The neural Willmore flow of a closed oriented $2$-surface in $\mathbb{R}^3$ is introduced as a natural evolution process to minimise the Willmore energy, which is the squared $L^2$-norm of mean curvature. Neural architectures are used to model maps from topological $2d$ domains to $3d$ Euclidean space, where the learning process minimises a PINN-style loss for the Willmore energy as a functional on the embedding. Training reproduces the expected round sphere for genus $0$ surfaces, and the Clifford torus for genus $1$ surfaces, respectively. Furthermore, the experiment in the genus $2$ case provides a novel approach to search for minimal Willmore surfaces in this open problem.

Figures (9)

• Figure 1.1: The final trained embedded surfaces for each considered genus $\{0, 1, 2\}$, from the neural Willmore flow learning.
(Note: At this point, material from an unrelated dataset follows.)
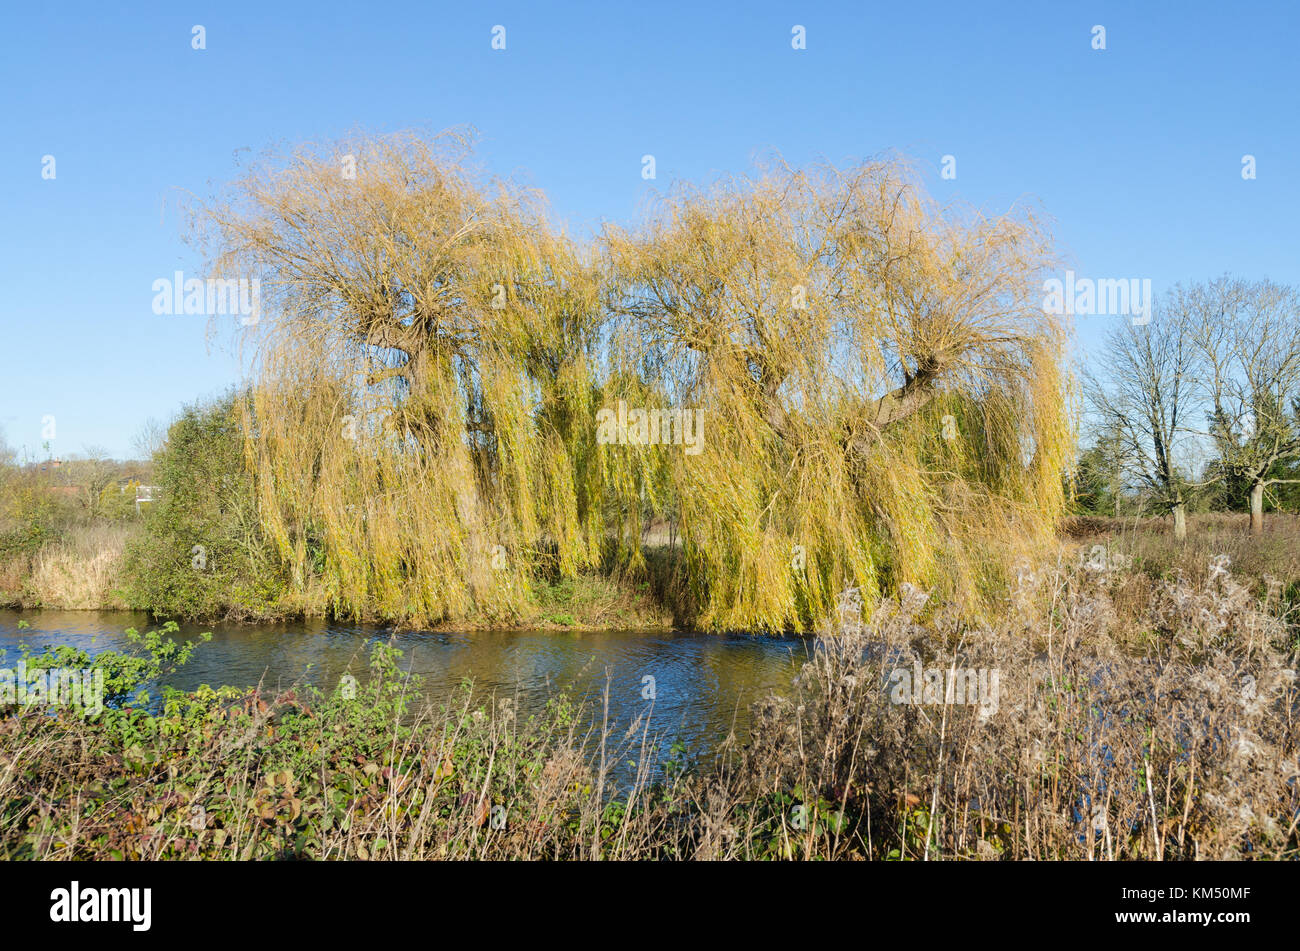 Saule pleureur Salix babylonica ou d'arbres sur les rives de la rivière Avon près de Stratford-upon-Avon dans le Warwickshire en hiver Banque D'Images

• Figure 4.1: Training losses for the genus 0 setup. Willmore loss reaches the expected theoretical minimum for the round sphere; regularity loss stays exceptionally low throughout (far lower order of magnitude) affirming a smooth consistent surface.
• Figure 4.2: Visualisation of the embedding evolution over training for the genus 0 setup. The fundamental domain is shown in (a) where the $(u,v)$ coordinates denote the architecture input (after conversion to spherical harmonics), then (b)-(f) are embedding outputs of the model at various epochs through training, using point colours matching the fundamental domain input, with values of the Willmore energy $\widehat{\mathcal{W}}$.
• Figure 4.3: Training losses for the genus 1 setup. Willmore loss reaches the expected theoretical minimum for the Clifford torus from the $\tau = 0.1i$ start point; regularity loss stays at exactly 0 throughout (below the ReLU-gated thresholds) affirming a smooth consistent surface.
• Figure 4.4: Visualisation of the embedding evolution over training for the genus 1 setup. The fundamental domain is shown in (a) where the $(u,v)$ coordinates denote the architecture input (after conversion to Fourier modes), then (b)-(f) are embedding outputs of the model at various epochs through training from $\tau = 0.1i$, using point colours matching the fundamental domain input, with values of the Willmore energy $\widehat{\mathcal{W}}$.